Researchers have developed a deep-learning system that can do the very human task of interpreting what's happening in a photo and guessing what's likely to happen next.
Better yet, the system, developed by machine-learning researchers at MIT, can express its idea of a plausible future by adding animations to still images, such as waves that would ultimately crash, people who might move in a field, or a train that might roll forward on its tracks.
The work could provide a new direction for exploring computer vision by giving machines the ability to understand how objects move in the real world.
The researchers achieved their objective by training two deep networks on thousands of hours of unlabelled video. As the researchers note, annotating video is expensive, but there's no shortage of unlabeled video to begin training machines to read other signals about the world.
Carl Vondrick, a PhD student at MIT, who specializes in machine learning and computer vision, told New Scientist that the ability to predict movements in a scene could ensure tomorrow's domestic helper robots don't become a hindrance.

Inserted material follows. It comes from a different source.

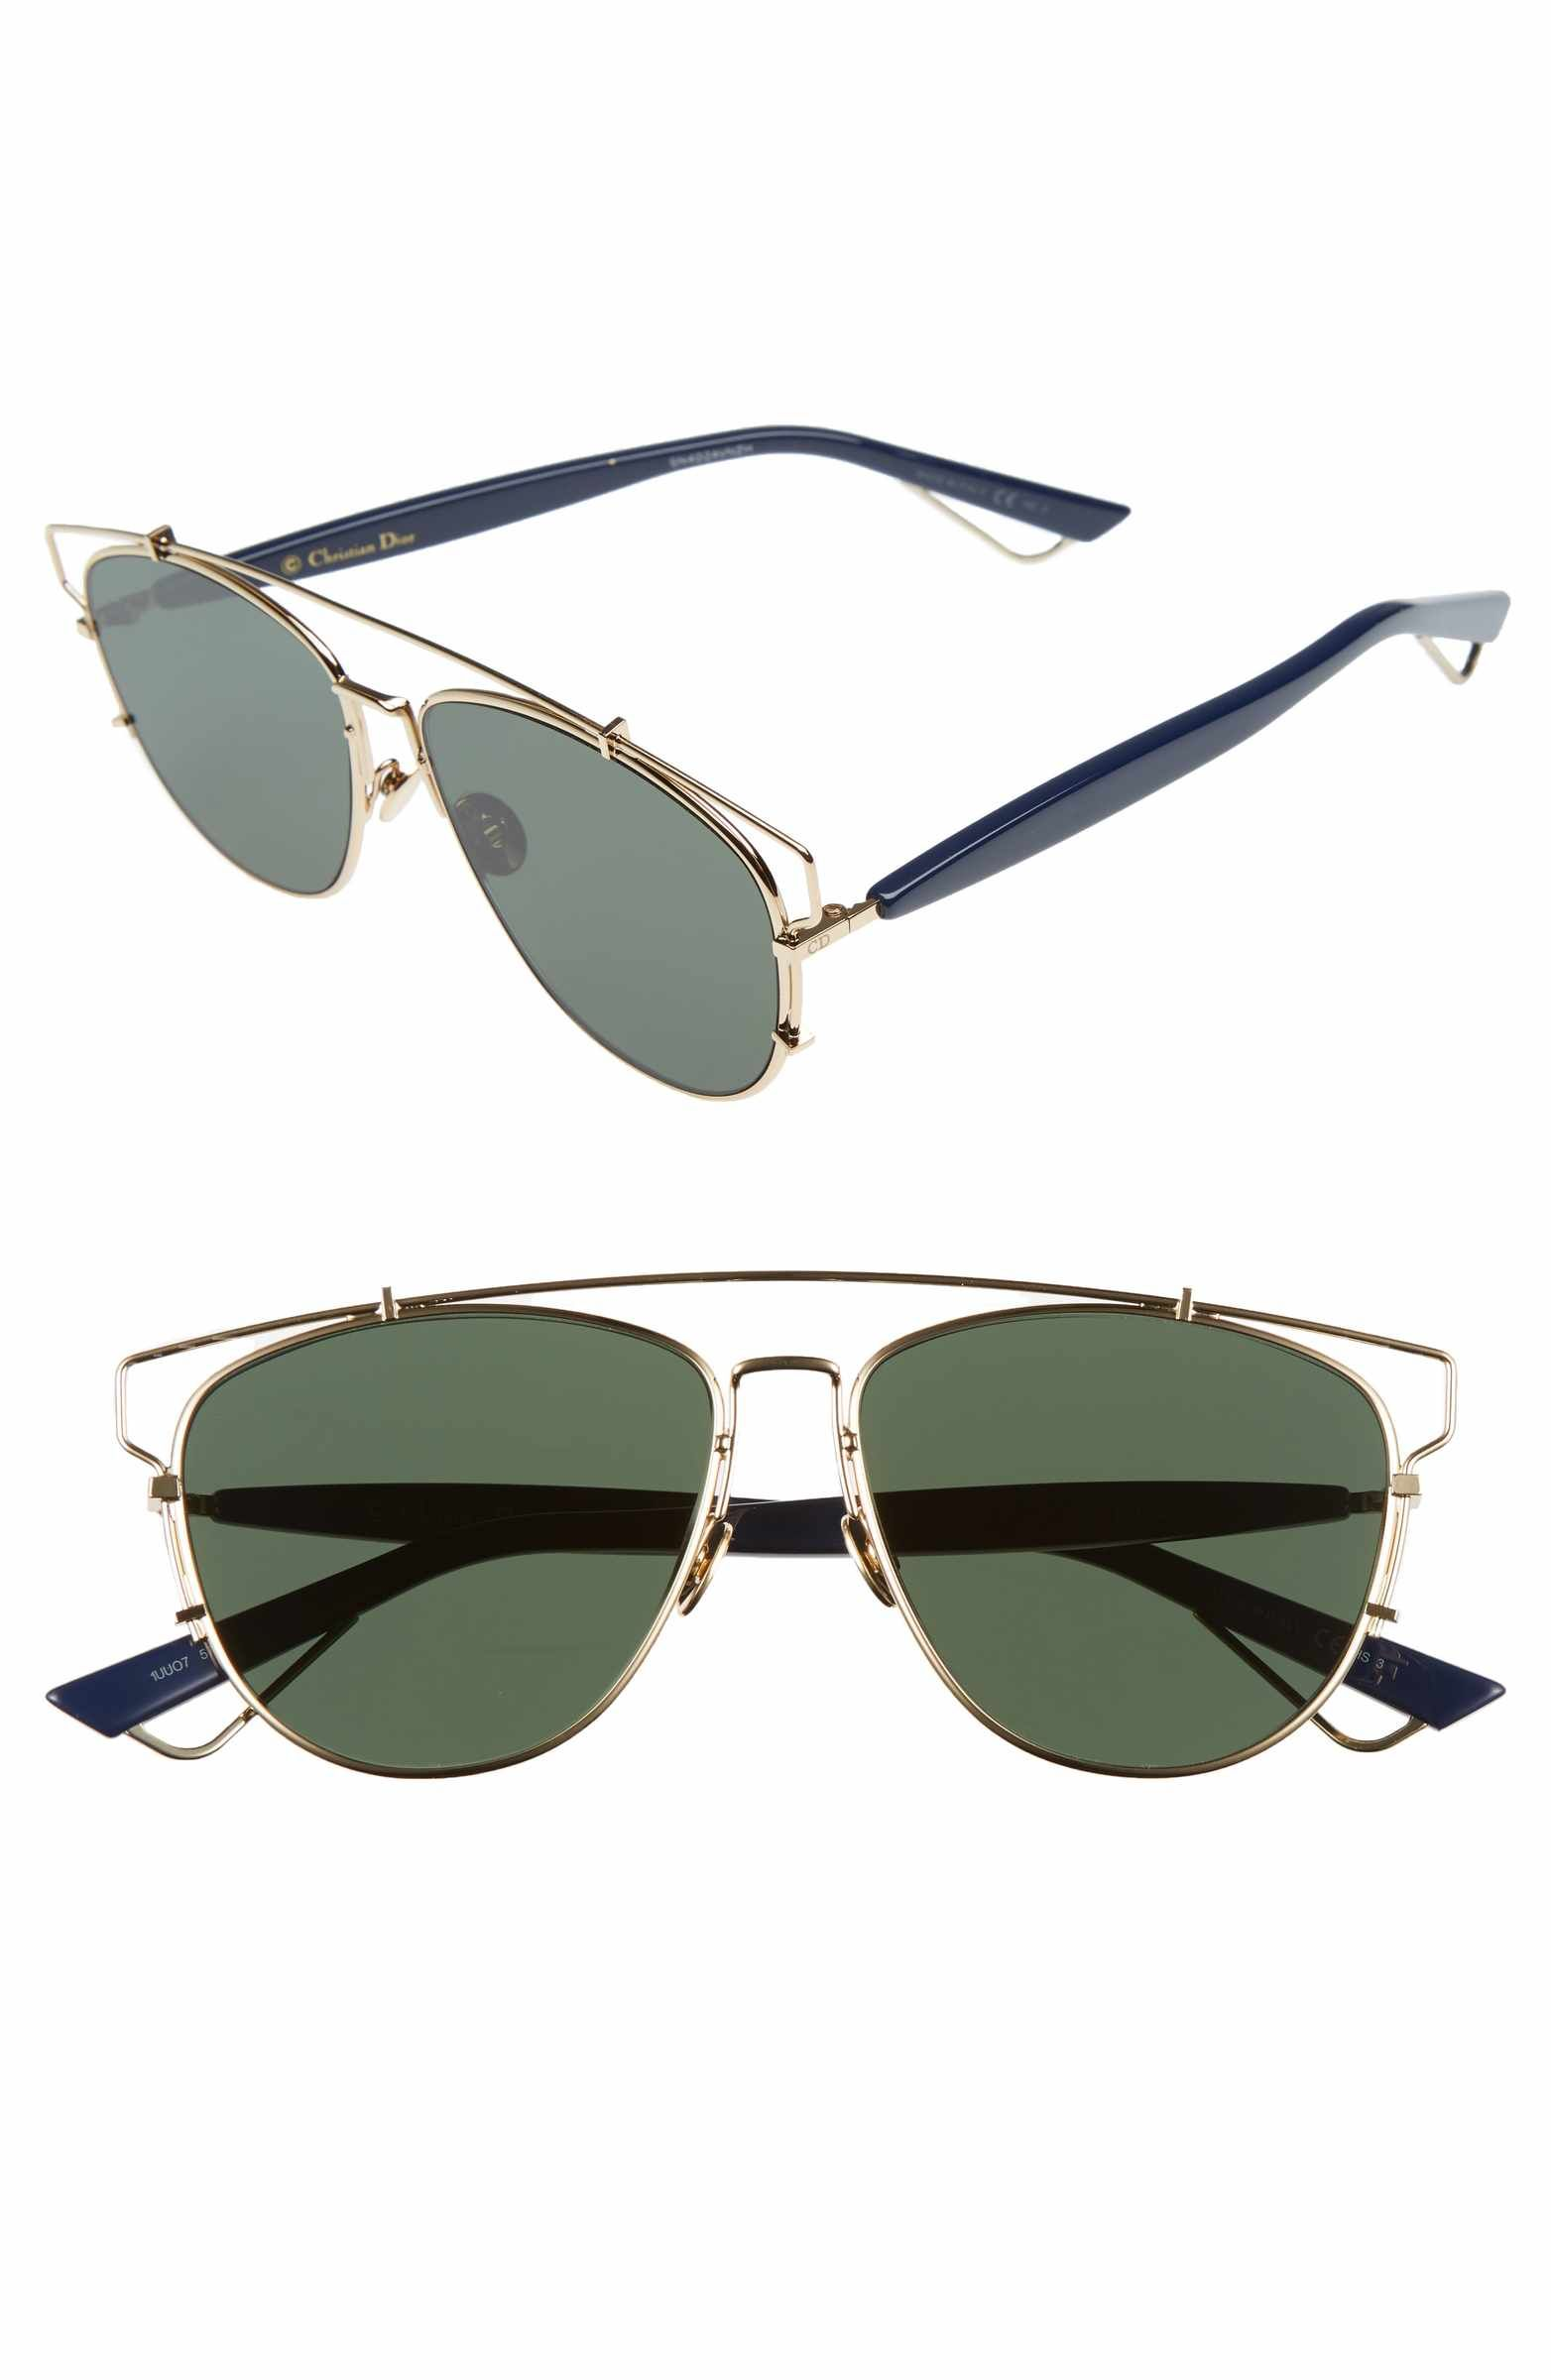 67a34c50b6 Main Image - Dior Technologic 57mm Brow Bar Sunglasses
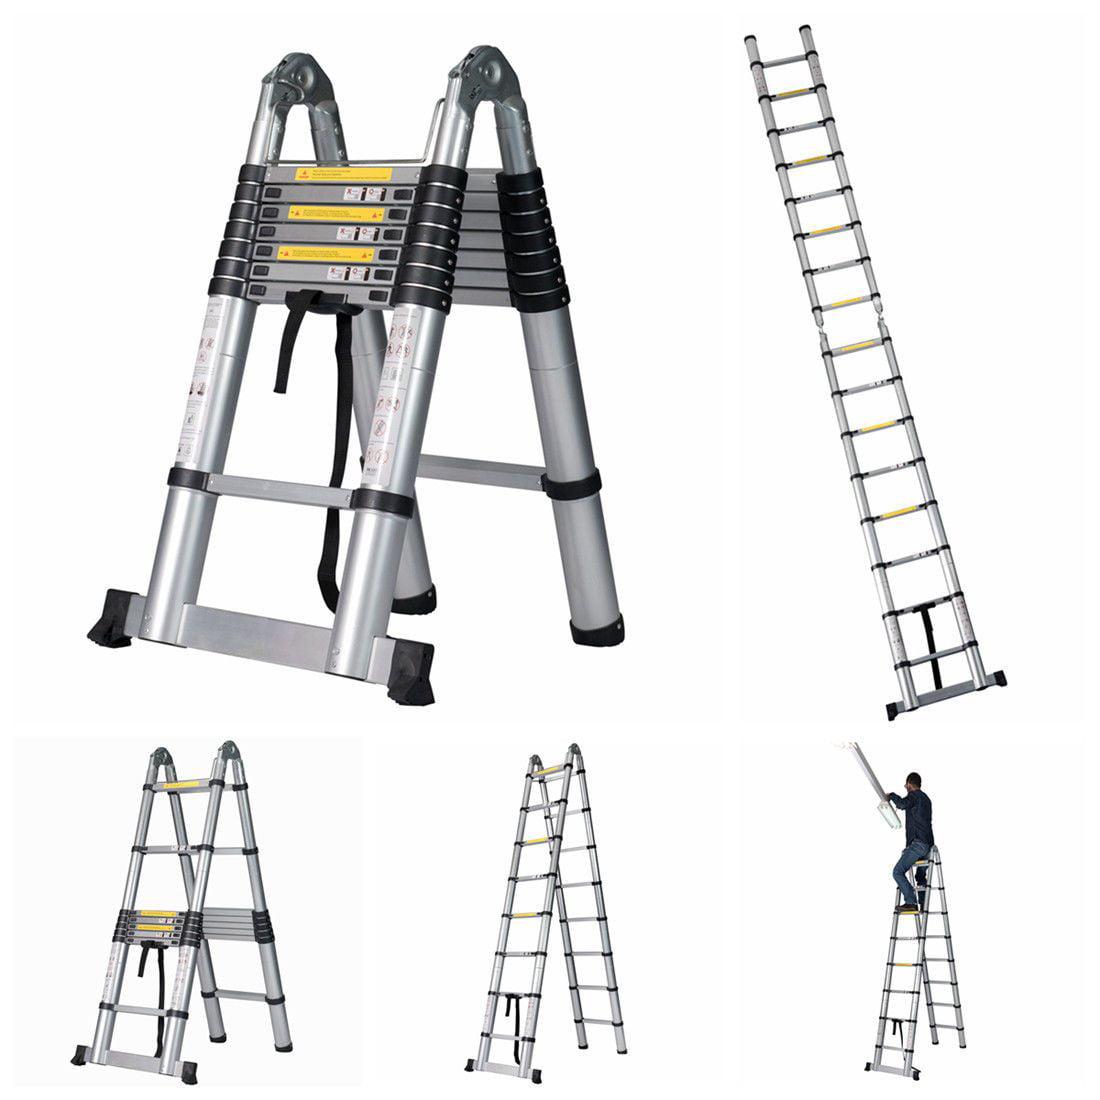 16.5' FT EN131 Folding Aluminum Multi Purpose Attic Telescoping Ladder Extension

You wouldn't, for example, appreciate a robot pulling a chair out from under you as you're about to sit down, he said.
The model was trained on two million videos from Flickr amounting to 5,000 hours of content covering four main scene types, including golf courses, beaches, train stations, and hospital rooms, consisting mostly of images of babies.
As New Scientist notes, the videos the model produces are grainy and short, lasting about one second, but they do capture the right general movement of a given scene, such as a train moving forward or a baby scrunching up its face.
However, the model still has much to learn about how the world works, such as that a train doesn't infinitely depart from a scene. Still, it did show that machines can be taught to dream up brief plausible futures.
The model is also able to "hallucinate" fictional but reasonable motions for each of the scene categories they explored.
The model was based on a machine-learning technique called adversarial learning, where two deep networks compete against each other. One network generates synthetic video while the other tries to discriminate between generated video and real videos.
Vondrick has previously also trained deep-learning models on hundreds of hours of unlabeled YouTube videos and TV programs such as 'The Office' to predict human interactions and gestures, such as a handshake, hug or kiss.